Take the material below and output exactly the run of lines from the one containing "Клинок для ножа из кованой стали Х12МФ N87" down to the one containing "Middle-aged man in", with both included.

**THE RECORDS:**
+ + + +

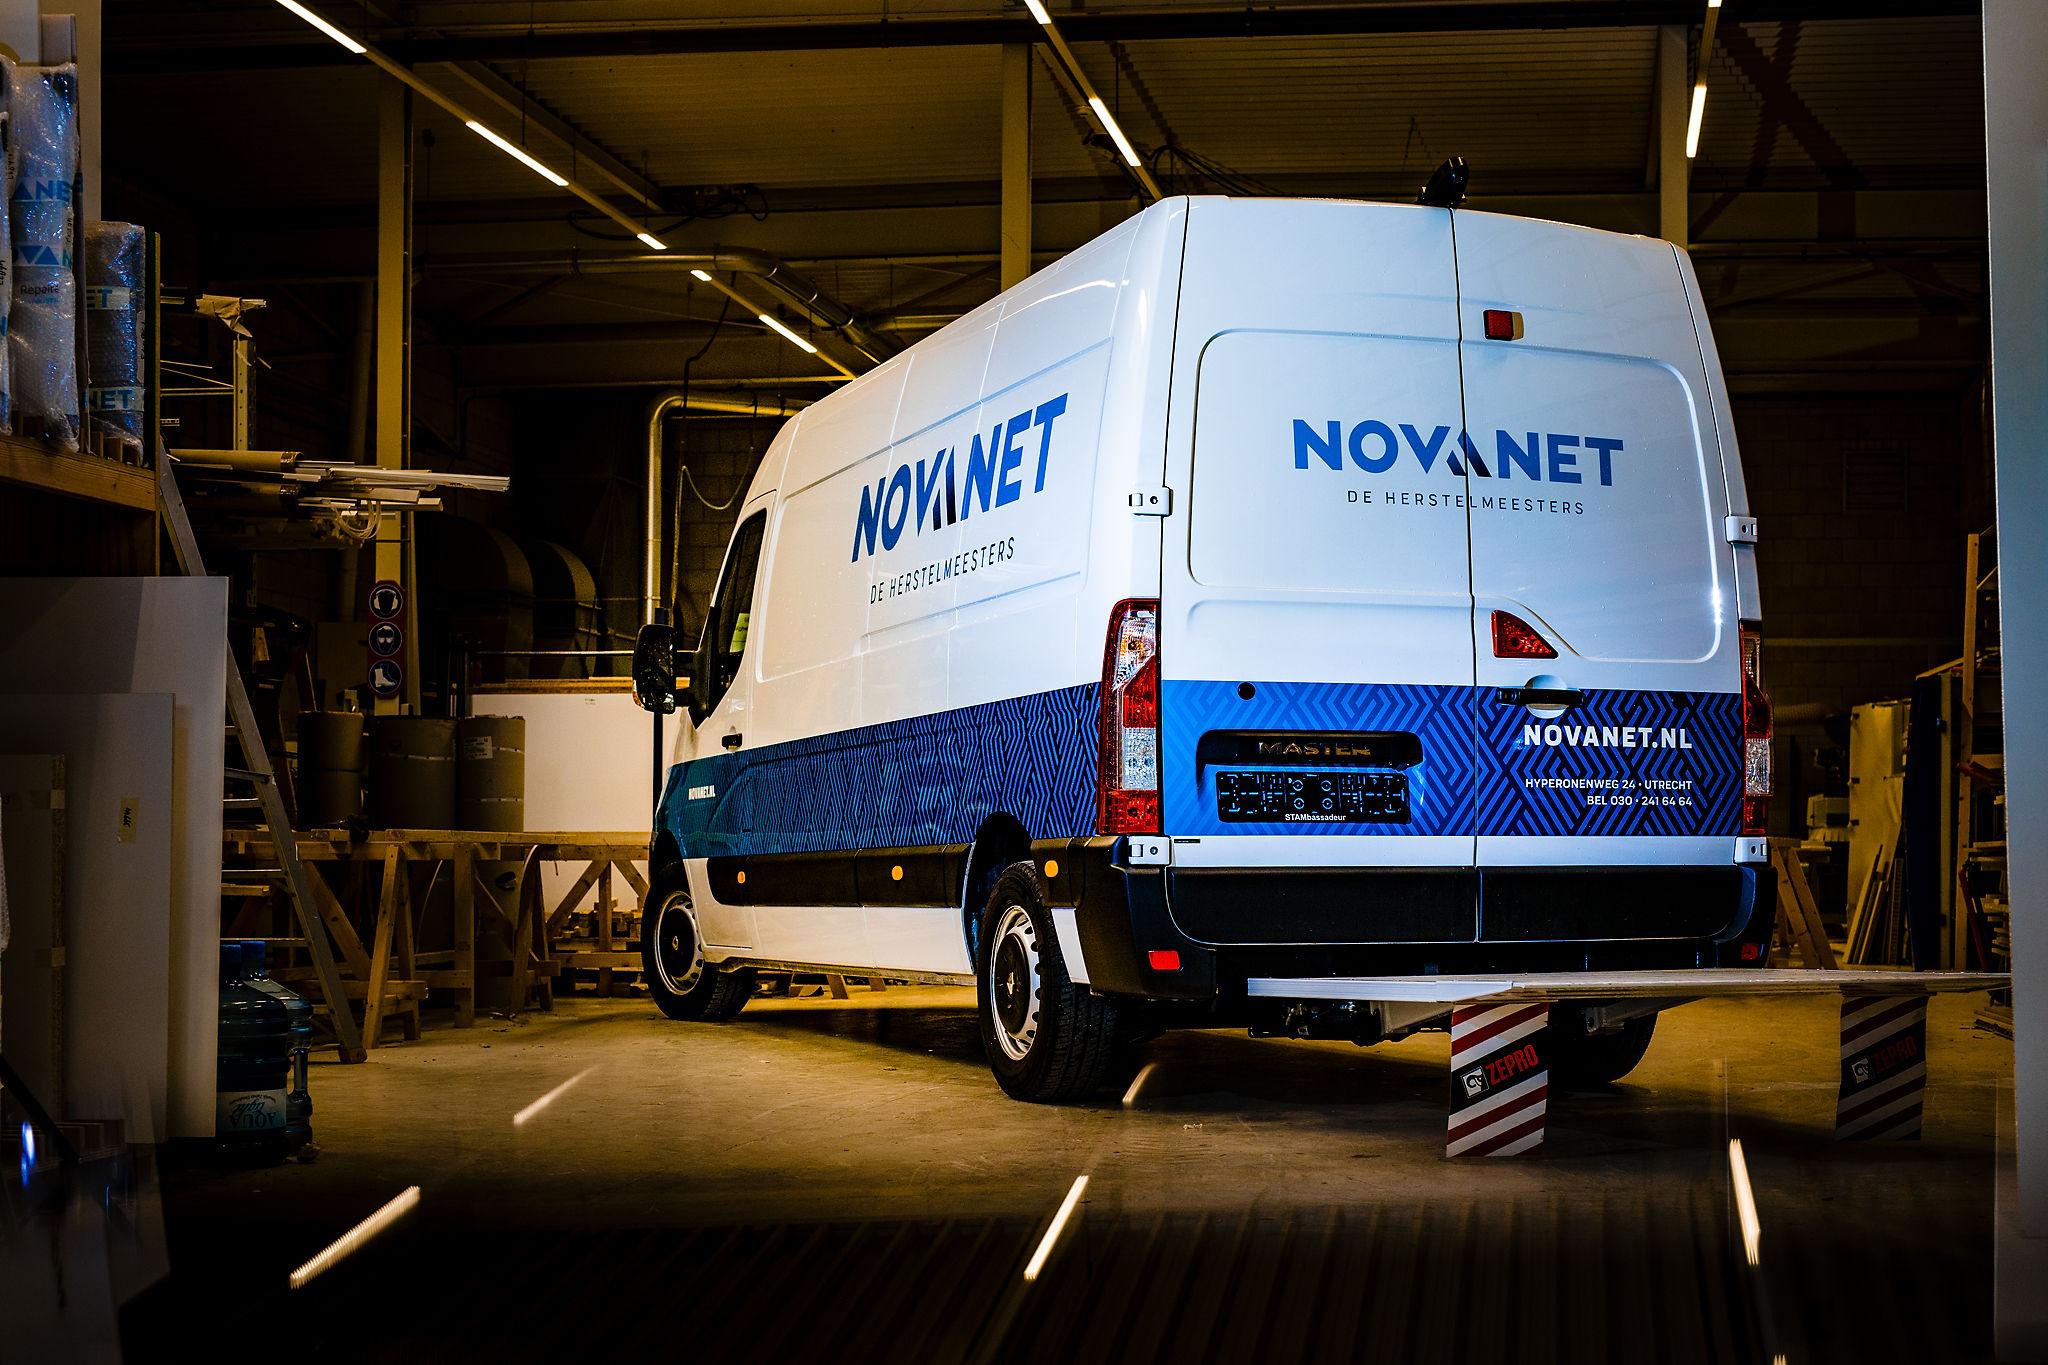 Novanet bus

+ + + +

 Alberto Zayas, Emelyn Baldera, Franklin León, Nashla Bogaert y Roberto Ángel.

+ + + +

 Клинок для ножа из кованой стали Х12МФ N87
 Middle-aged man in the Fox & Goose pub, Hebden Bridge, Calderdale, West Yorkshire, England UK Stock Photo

+ + + +

**ANSWER BOX:**
 Клинок для ножа из кованой стали Х12МФ N87
 Middle-aged man in the Fox & Goose pub, Hebden Bridge, Calderdale, West Yorkshire, England UK Stock Photo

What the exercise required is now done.